When the Turkish Republic was founded by national hero Kemal Atatürk in 1923, it could boast only a few dozen trained physicians and engineers. Its citizens were dirt-poor, and education available to but a few. This legacy of the sultan-caliphs was put into sharp reverse by Atatürk. His modernization programme was unmistakably Western, and could almost have been conceived with membership of the EU in mind.

He changed the alphabet to Latin script that would be readable by Europeans. He introduced education for all, forcing the literacy rate up from less than 10% to 33% within 15 years. Now 86.5% of Turks are literate. He also abolished the wearing of the veil by women (but not the headscarf), and introduced a constitution solidly anchored in secularism.

At Turkey's western edge, it borders the EU; at the east it borders Iran. As religiosity has grown in Iran since the 1979 Islamic revolution, political tensions in Turkey have grown too. While pragmatically aiming for EU membership, Turkey has also had to deal with the rising confidence of Islamic groups and their growing numbers.

The academic élite — proud adherents to Atatürk's vision — fear this confidence, and their response has been defensive. When headscarves became more common in the 1980s, the Council of Higher Education banned the wearing of them in universities. As the number of special secondary schools for training imams (religious leaders) grew, the council raised the university entrance qualification requirements for students attending these schools above those for normal state schools. The storm over the arrest of the rector of the 100th Year University in Van (see page 8) reflects the bitterness of the struggle within universities to keep Islamic influence at bay.
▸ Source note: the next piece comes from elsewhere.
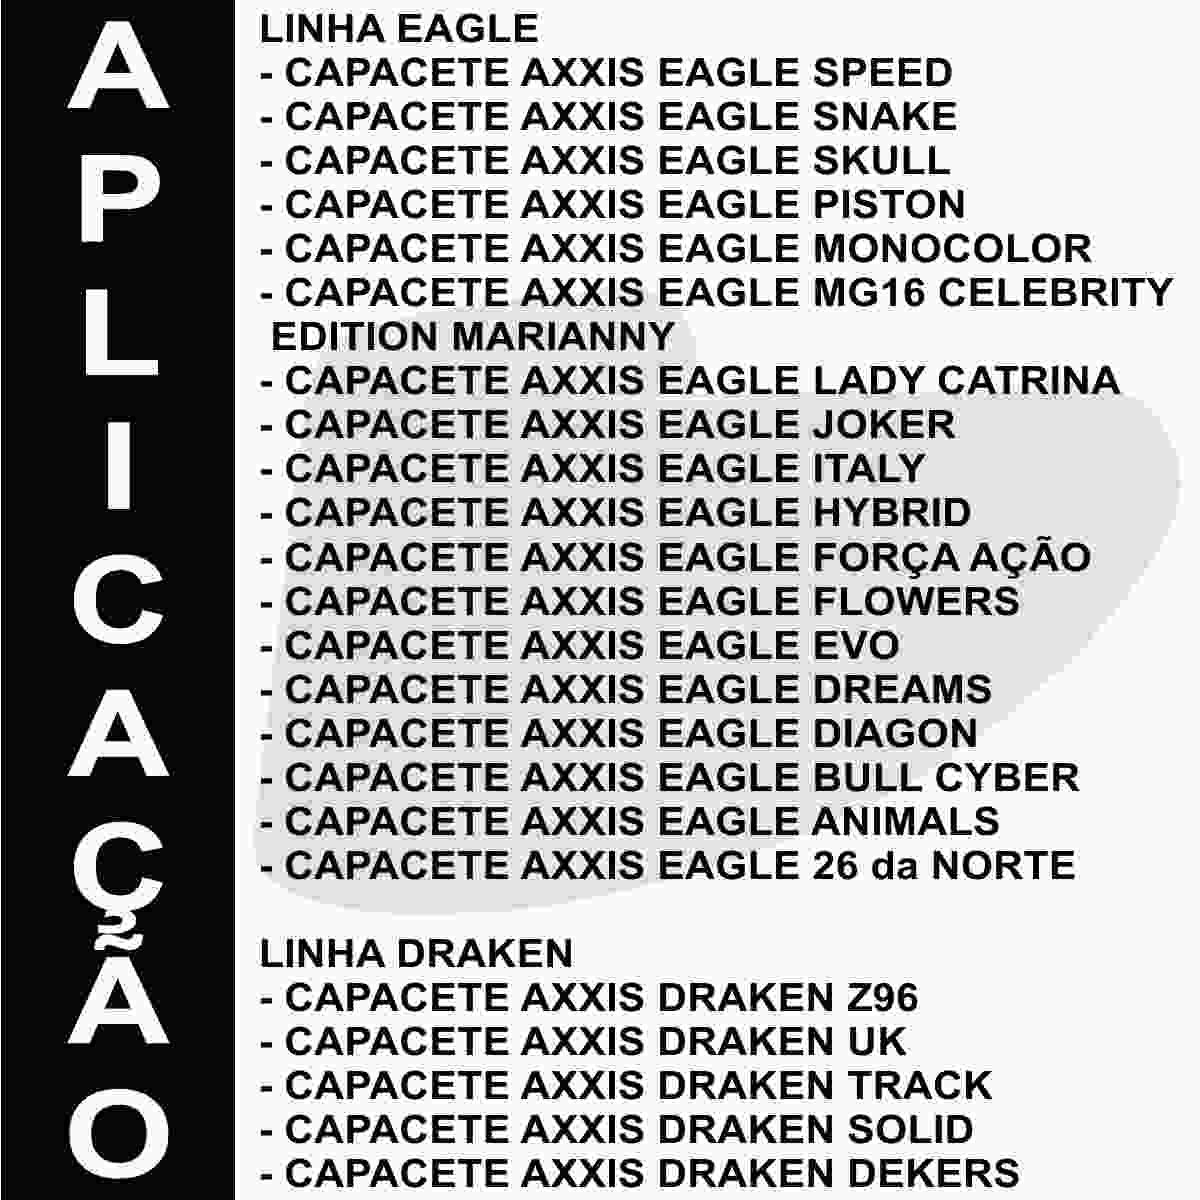 KIT VISEIRA AXXIS EAGLE/DRAKEN CLEAR CRISTAL V18 + SISTEMA DE RETENÇÃO DE VISEIRA

The academic élite also resents recent government interference in academic appointments. Since his election in 2003, Prime Minister Recep Tayyip Erdogan has passed two contentious laws that affect universities. One allows the government to appoint members of the board of TÜBITAK, Turkey's main research agency, which is a major player in the current EU talks. Critics say that subsequent appointments have been politically inspired, and charge that aspects of the agency's current set-up are unconstitutional. A second law requires government approval of university appointments. The government says this is aimed at ending cronyism in the academic world, but critics fear that it will damage academic freedom.

The opening of negotiations for EU membership offers the best hope for the continuing development of science in Turkey.

Given this delicate situation, the opening of negotiations for EU membership offers the best hope for the continuing development of science in Turkey. Turkish scientists have little choice but to place their trust in these negotiations.

The government has, to its credit, doubled the science budget in anticipation of the EU talks, and it already pays for Turks to take part in EU Framework programmes as equal partners. Under the watchful eye of EU negotiators, Turkish science will have to be seen to be open, competitive and democratic.

The negotiations will no doubt be protracted, but if they are successful, science in Turkey will be a winner — and part of Atatürk's dream will also have won through.